Amy Poehler’s career knows no bounds, which is particularly awesome after the end of Parks & Rec. Her IMDb profile reveals some completed movies and current filming for the Wet Hot American Summer reboot on Netflix. Fast Company just named her #8 on its 100 Most Creative People in Business list. Their profile mentions that Poehler both champions other female comedians and mentors up-and-comers. Show business is hard on women, and comedy is a particularly tough branch for women to crack. As Kaiser mentioned when considering Amy Schumer, women don’t get as much leeway for the same jokes that men tell. In this interview, Poeher hints at that inequality and discusses the different treatment women receive as working parents. We talk a lot about how magazines are obsessed with asking women about parenting. Poehler says she receives the same treatment during professional meetings:
On surviving comedy as a woman: “I have these meetings with really powerful men and they ask me all the time, ‘Where are your kids? Are your kids here?’” she says with a sneer. “It’s such a weird question. Never in a million years do I ask guys where their kids are. It would be comparable to me going to a guy, ‘Do you feel like you see your kids enough?’”
The scrutiny makes her uncomfortable: “It’s a struggle for me to remain open. To not shut down because I’m defensive or scared or maybe my ego is getting in the way. And the other side of that is just believing that I belong where I am and deserve to take up space. I fight constantly between those two things, between not apologizing for what I want and staying vulnerable and creatively supple and not thinking I know better than everyone else.”

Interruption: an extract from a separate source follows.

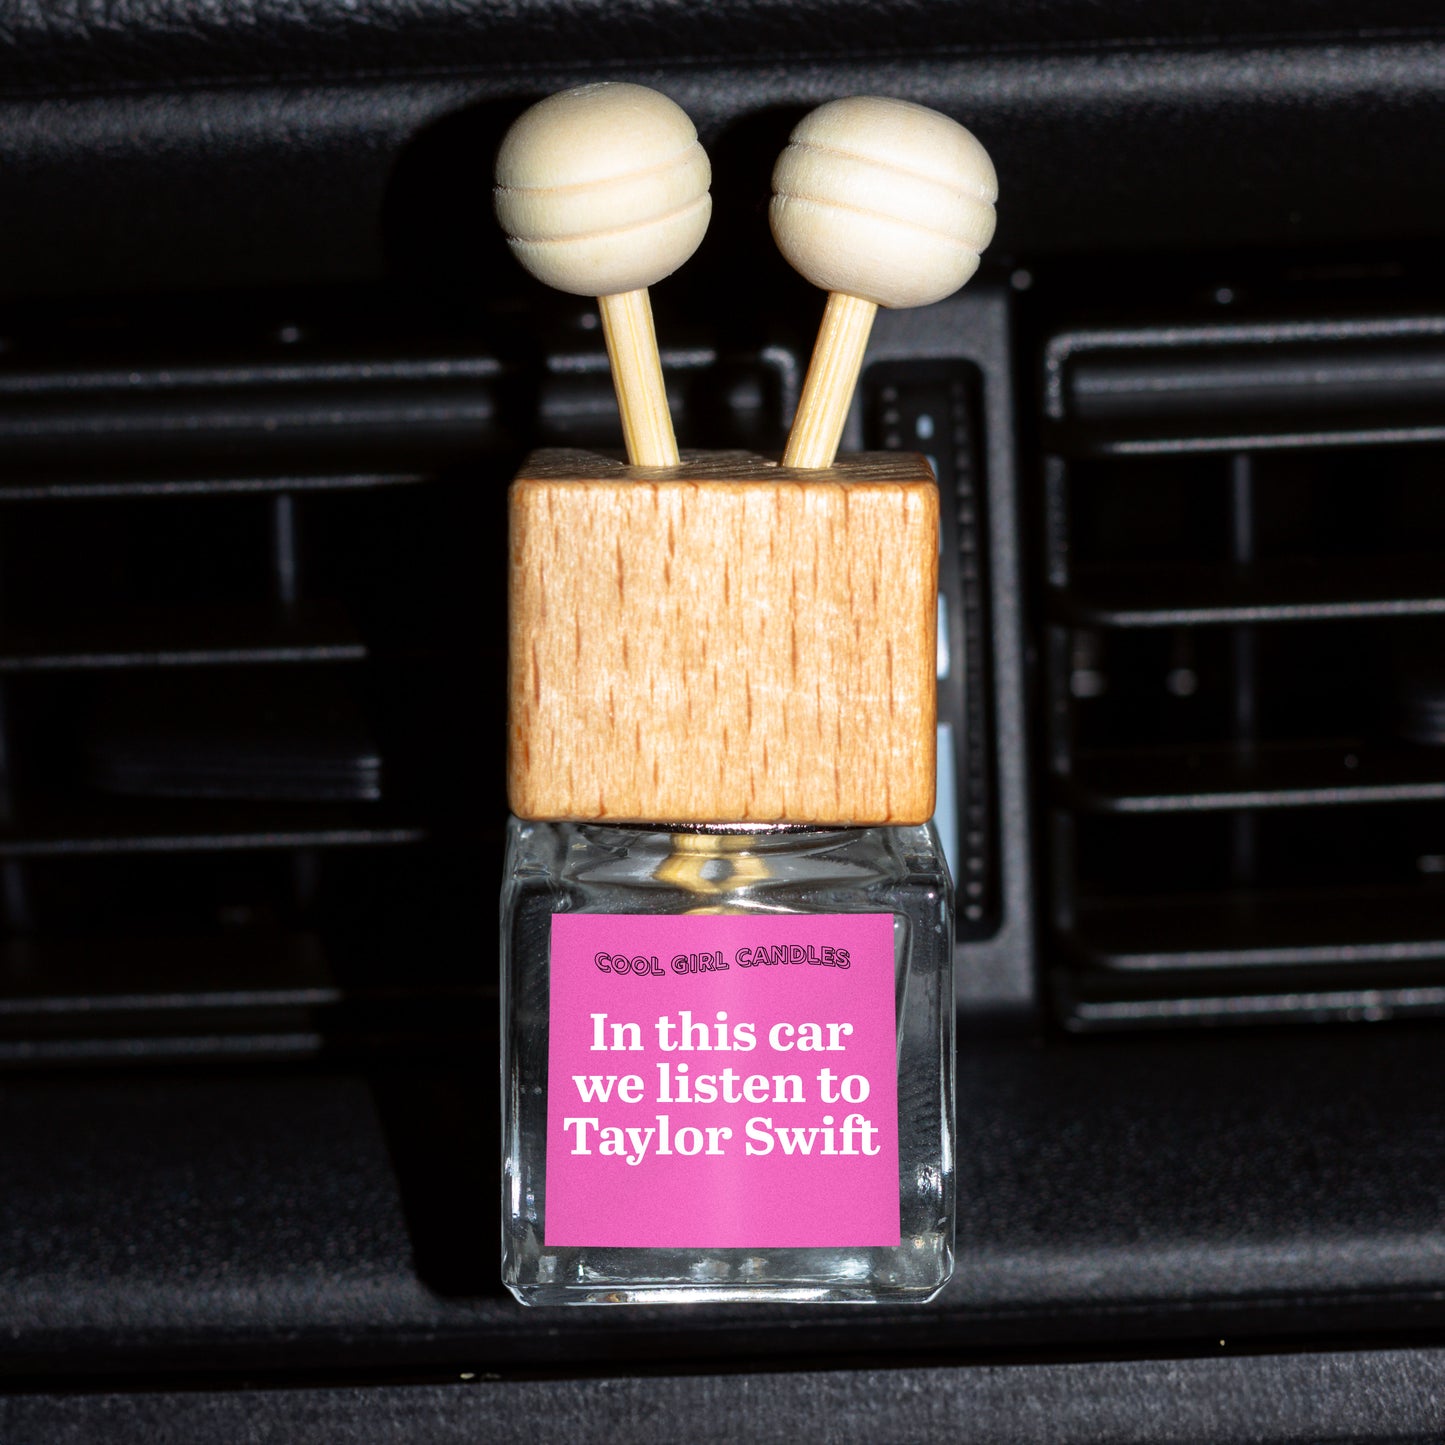 Taylor Swift car freshener cool girl candles gift for Swifties

On talking like a man: “I often look to men to model behavior. Not because I want to squelch what’s feminine about me, but because sometimes I want a little more action, a little less feeling in my interactions. I’ve been doing this thing lately where I try to talk slower at meetings. I take a lot of meetings with women and we all talk really fast. But every guy talks so much slower. I think men are just a little bit more comfortable taking up conversational real estate. So I’ve been seeing how slow I can tolerate talking. I’m doing it now. Let me tell you, it’s really hard for me.”
Why she works so heavily with emerging female talent: “It’s selfish. I just like working with women.”

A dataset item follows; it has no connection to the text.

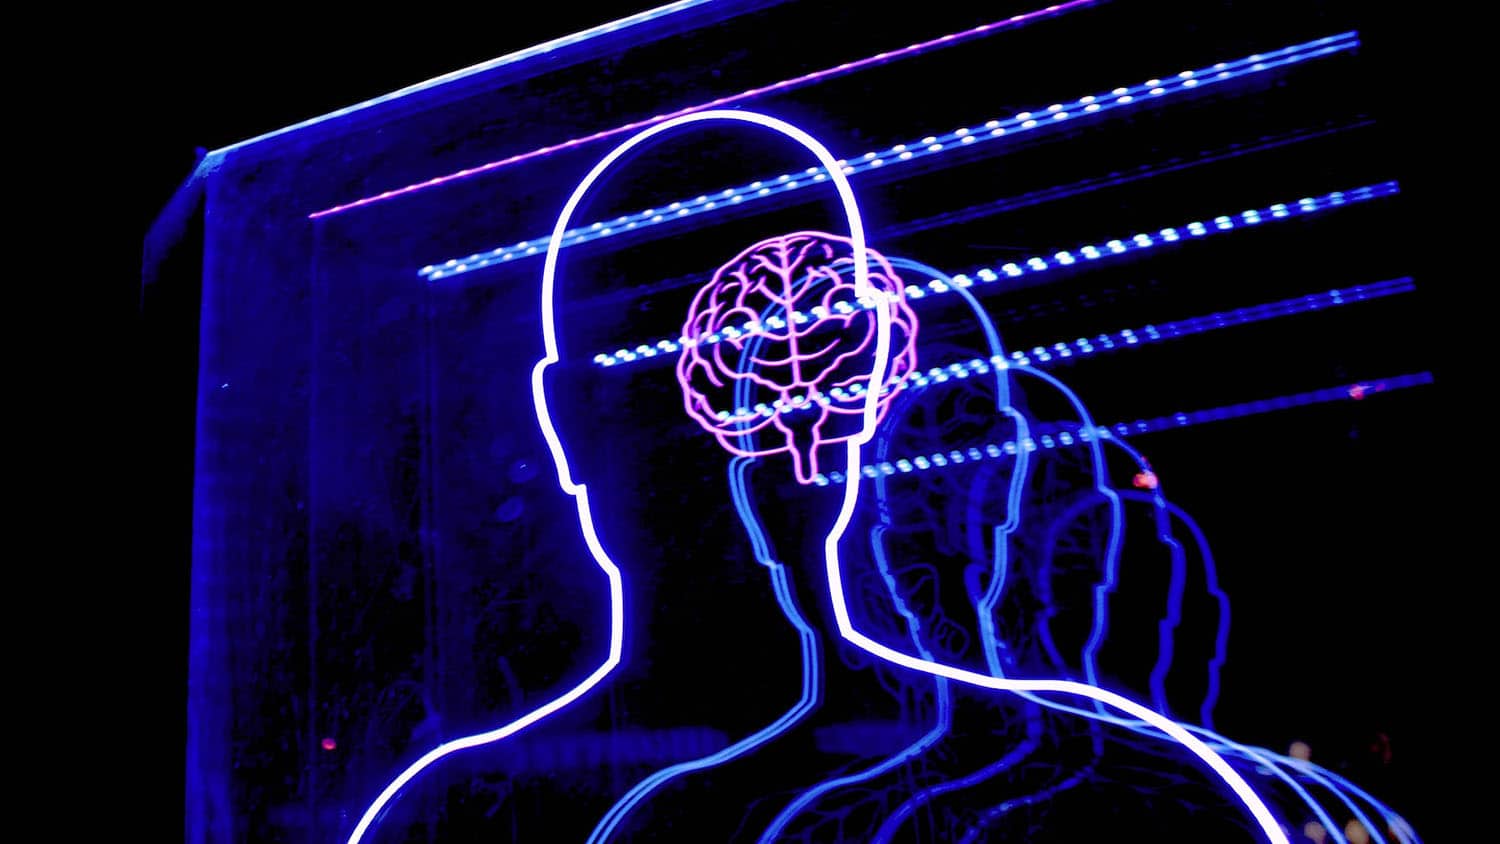 neon lights show the outline of the human body overlayed with an outline of the brain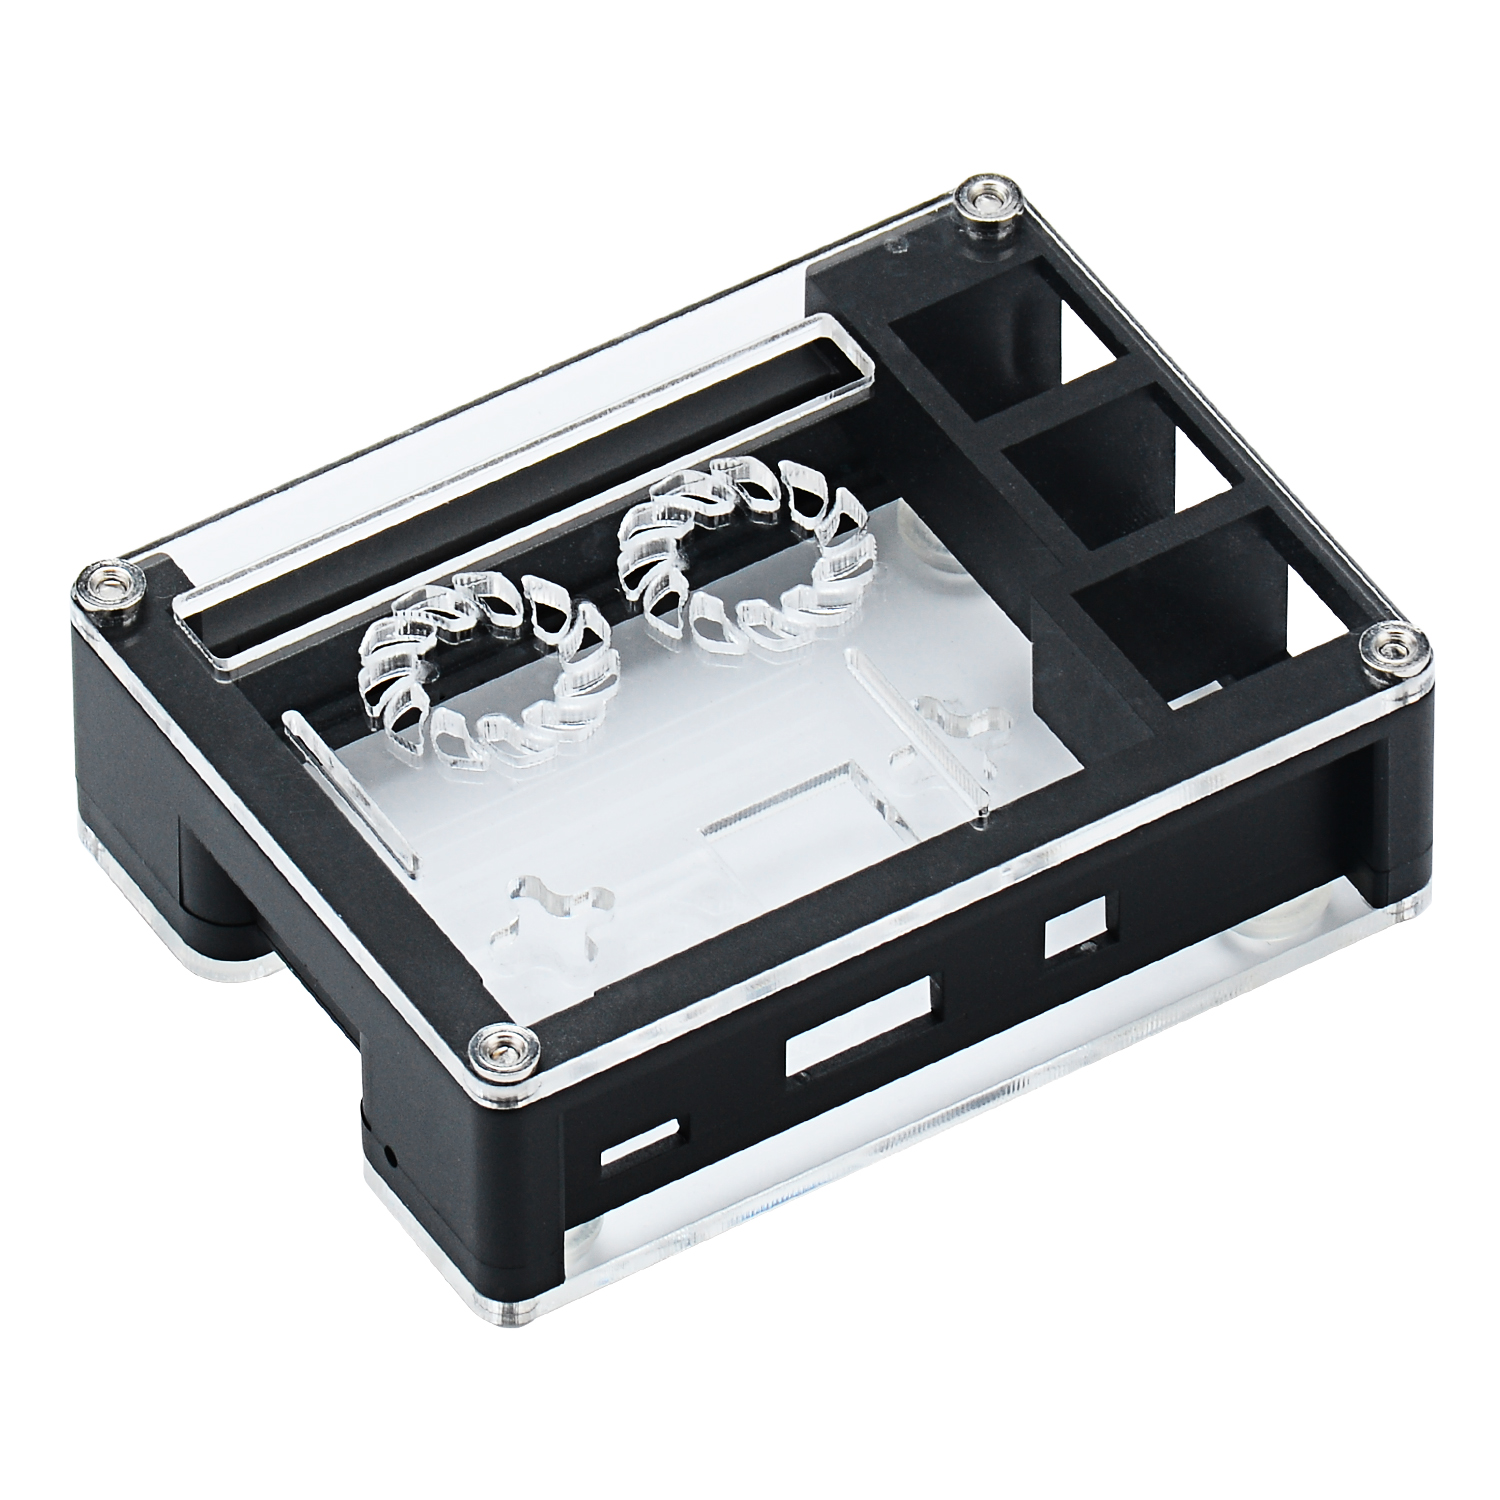 Black-Acrylic-Case-Support-Dual-Cooling-Fans-For-Raspberry-Pi-3B-Board-1411938-9

She’s very involved with the Worldwide Orphans Foundation: “When I’m with my kids, I feel so lucky to have all this love in my life. But these orphans have nobody who lights up when they come into the room, and that’s really, really heavy.”
[Form Fast Company]
I love that Amy is talking to a major business/entrepreneurship magazine about the unbalanced treatment of working mothers and fathers. During last year’s promotion of her Yes Please memoir, Amy also discussed an “unspoken pact“ that women feel they should follow. She said working mothers are supposed to act guilty, and stay-at-home moms are supposed to act bored without a career. Really, both groups are happy with their choices, but society tells us to always question whether we’re doing the wrong thing. Guilt, man.
Amy’s involvement with the Worldwide Orphans Foundation continues to impress. The charity’s CEO, Jane Aronson, told Fast Company that Amy “gets totally involved. She’s better than a board member, she’s a partner.” Amy’s visited Haiti, and she’ll head to Ethiopia in the fall. She isn’t simply a celebrity name on the charity’s roster.